Alors moi, à ça, je rétorque : « Certainement, monsieur, et je m’en vante ! Mon derrière vaut bien le vôtre ! »
Et puis quoi ?
Faudrait être d’accord sur tout, être tous pareils, beige pâle quand c’est pas vert fluo ou bleu flou ? Pfft ! Parfaitement, et je le redis : pfft ! Et je dis aussi qu’on se fait entuber, mener en bateau, rouler dans la farine et enrubanner par-dessus le marché ! Et tout le foin que ça fait ! Et pour quoi ? Pour pas sauter à pieds joints dans le wagon du conformisme. Pour hésiter ! Ah, mais je sais au moins une chose : ils auront beau rétrécir les caractères au nanoscope que ça n’y changera rien du tout et point final : je refuse de signer un truc qu’y a pas moyen de lire, et je dirai même : un truc que j’ai pas écrit moi-même !

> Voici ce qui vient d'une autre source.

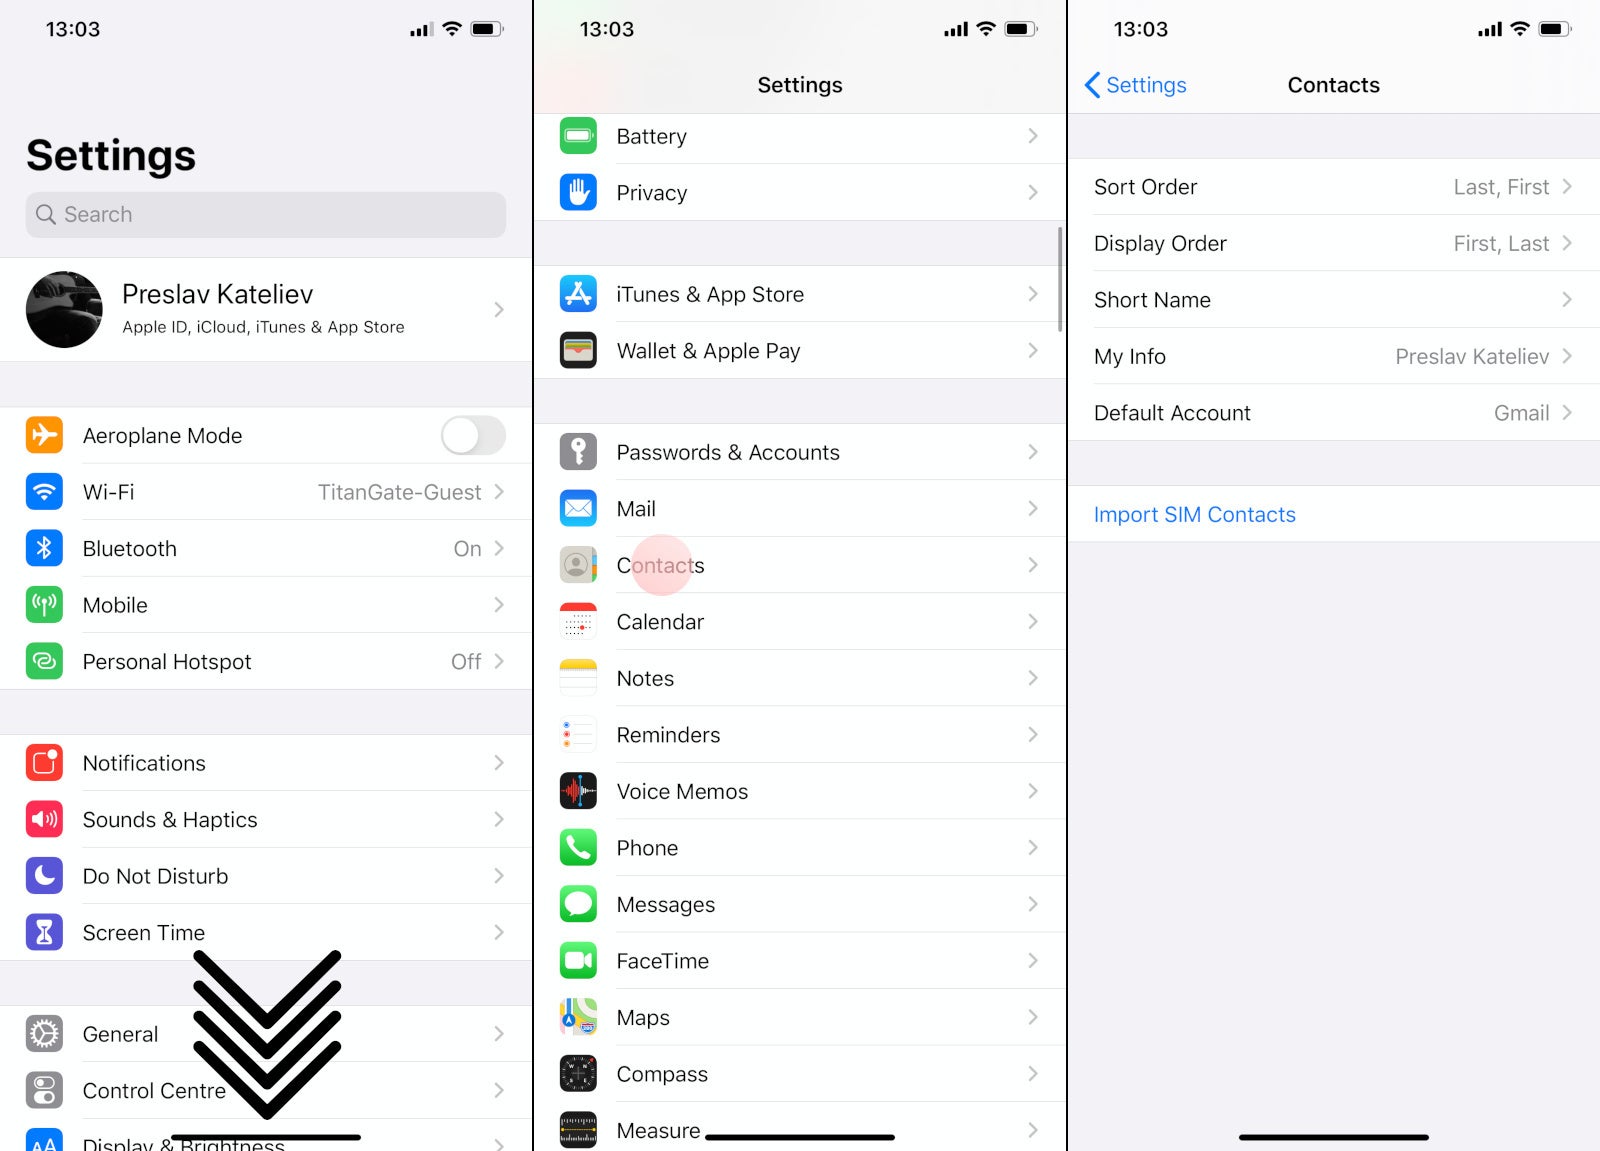 How to sort contacts by first or last name on iPhone
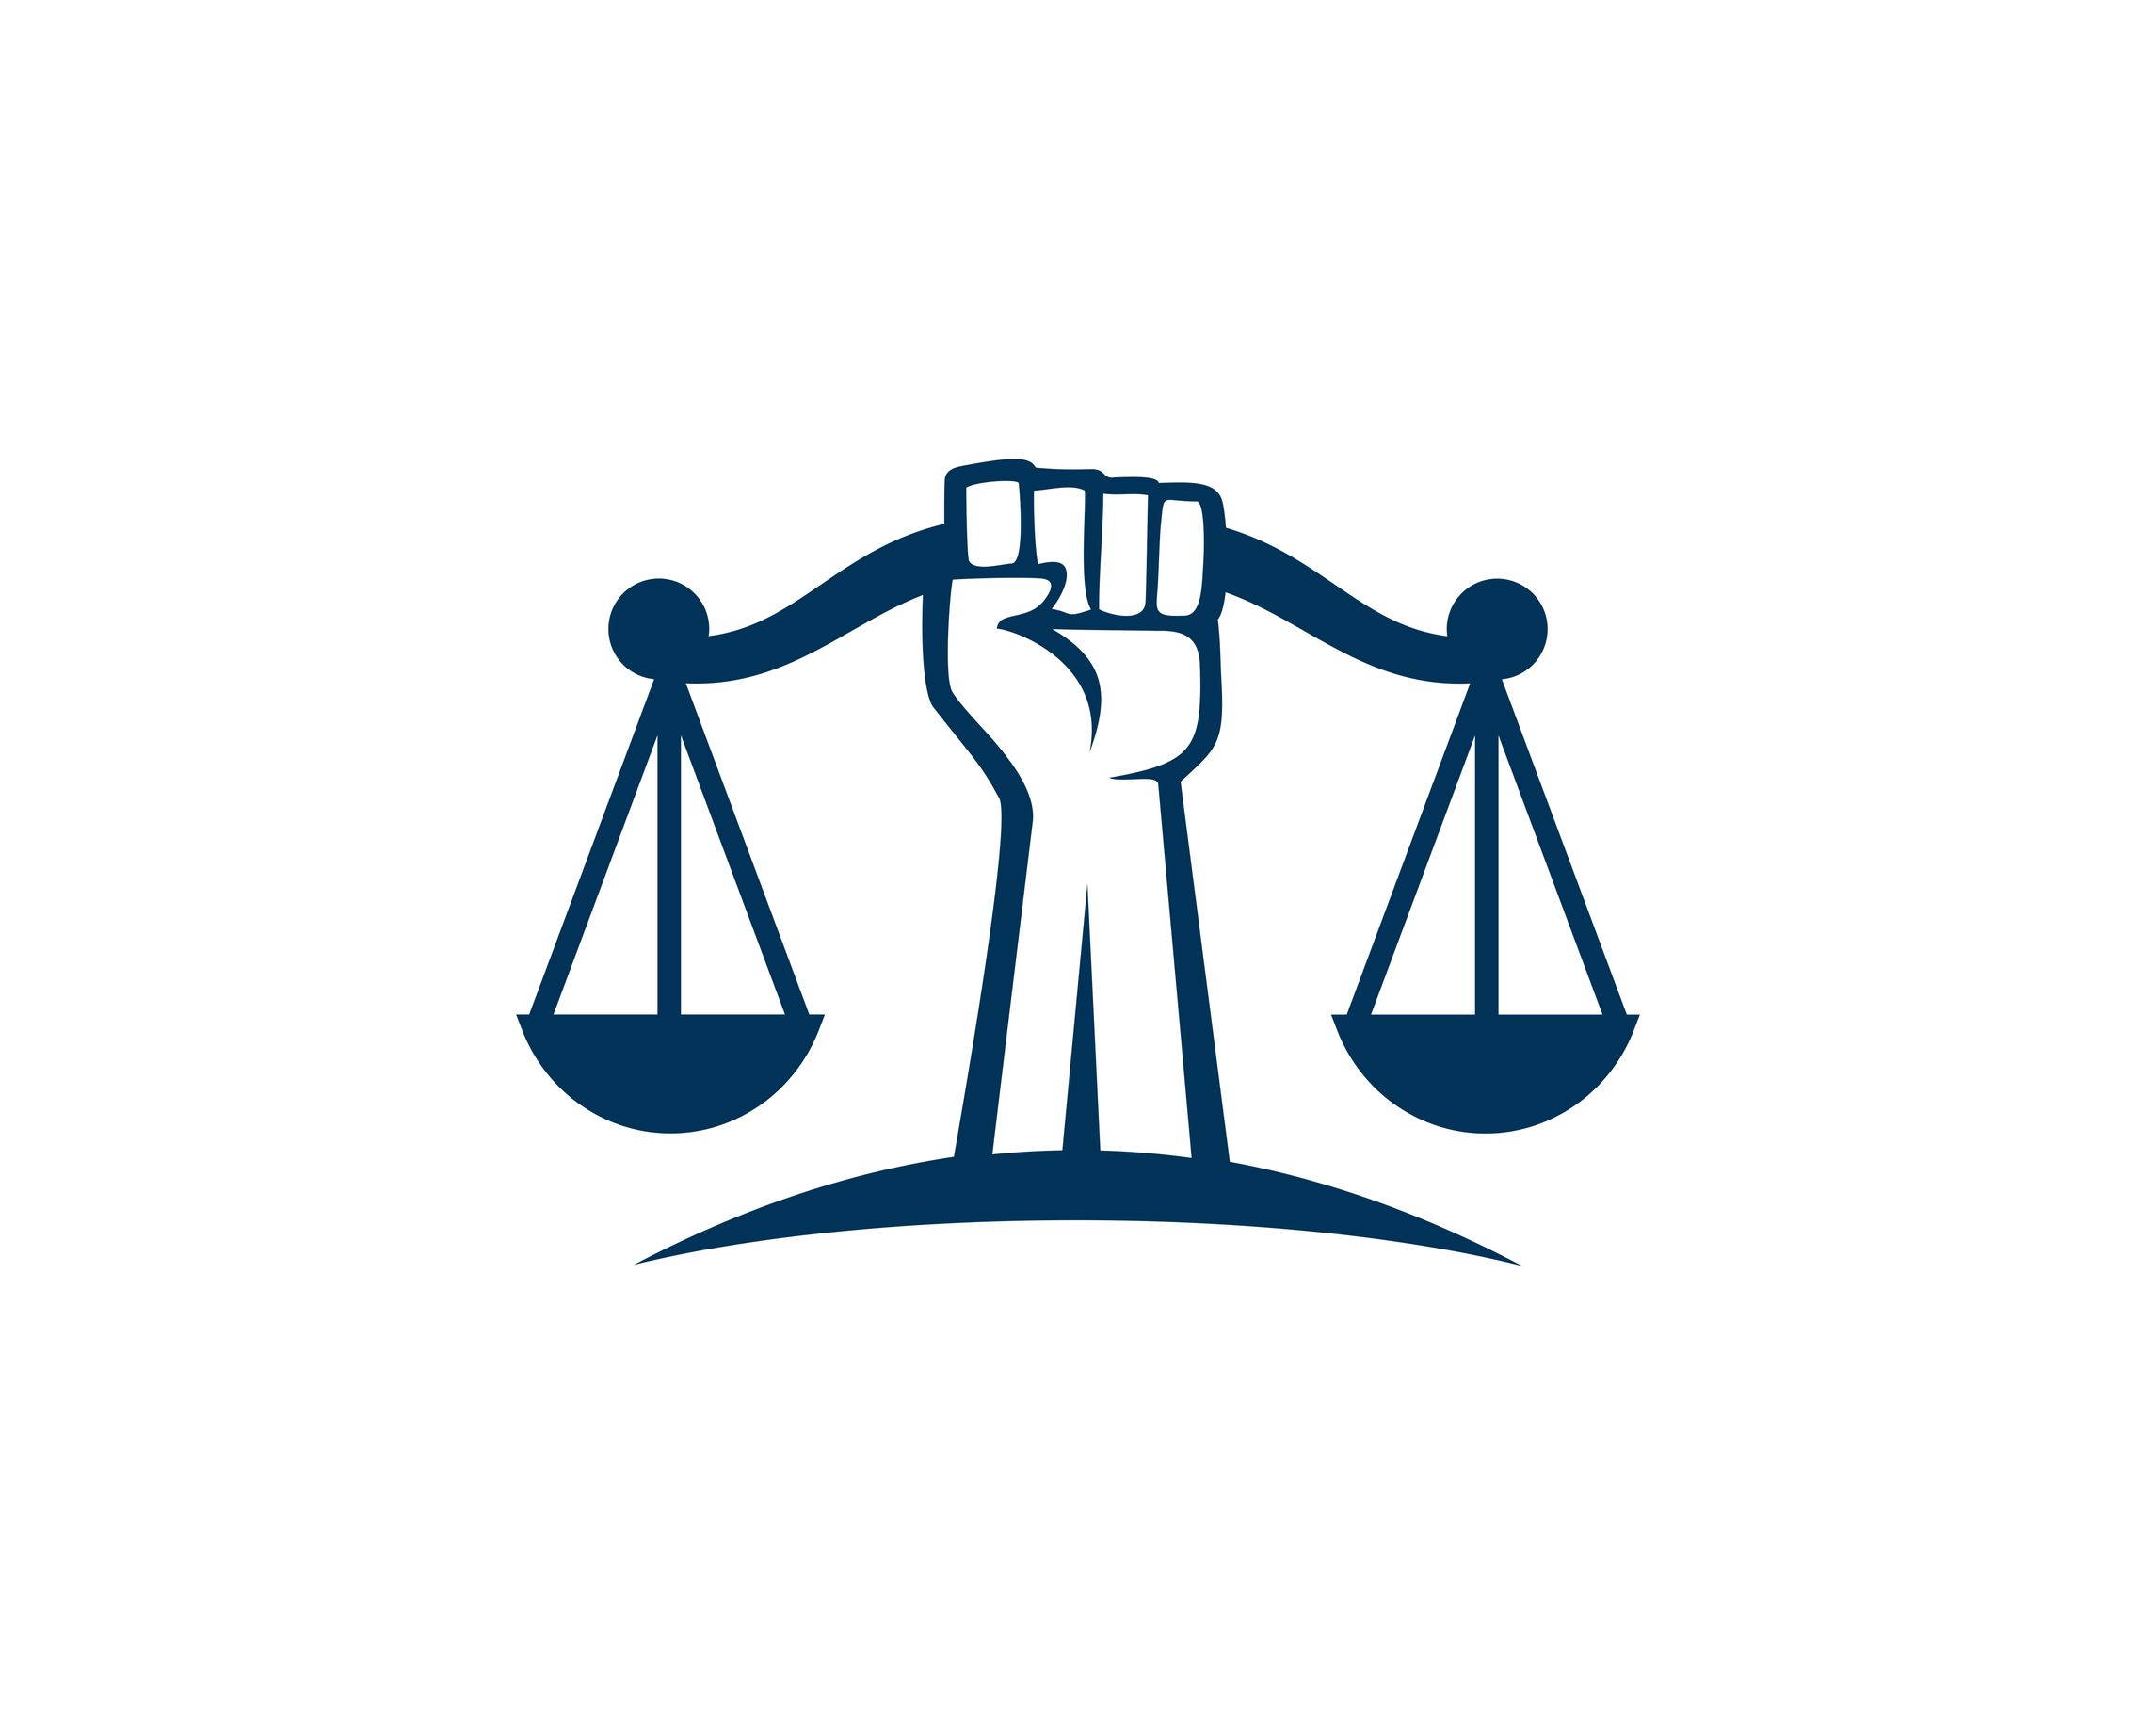 Icon of a clenched fist holding up a scale of justice

« Anarchiste ! Fauteur de troubles ! Artiste ! »
Sont à court d’invectives et d’adjectifs, forcément ; pour ça faut avoir réfléchi, avoir pris le temps de creuser la chose – et quand on sait ce que ça leur en coûte de laisser gérer ça par d’autres compteurs que ceux qu’ils ont trafiqués eux-mêmes… Pfft ! Y a pas d’autre mot.
Plus c’est plein devant, plus c’est vide en haut !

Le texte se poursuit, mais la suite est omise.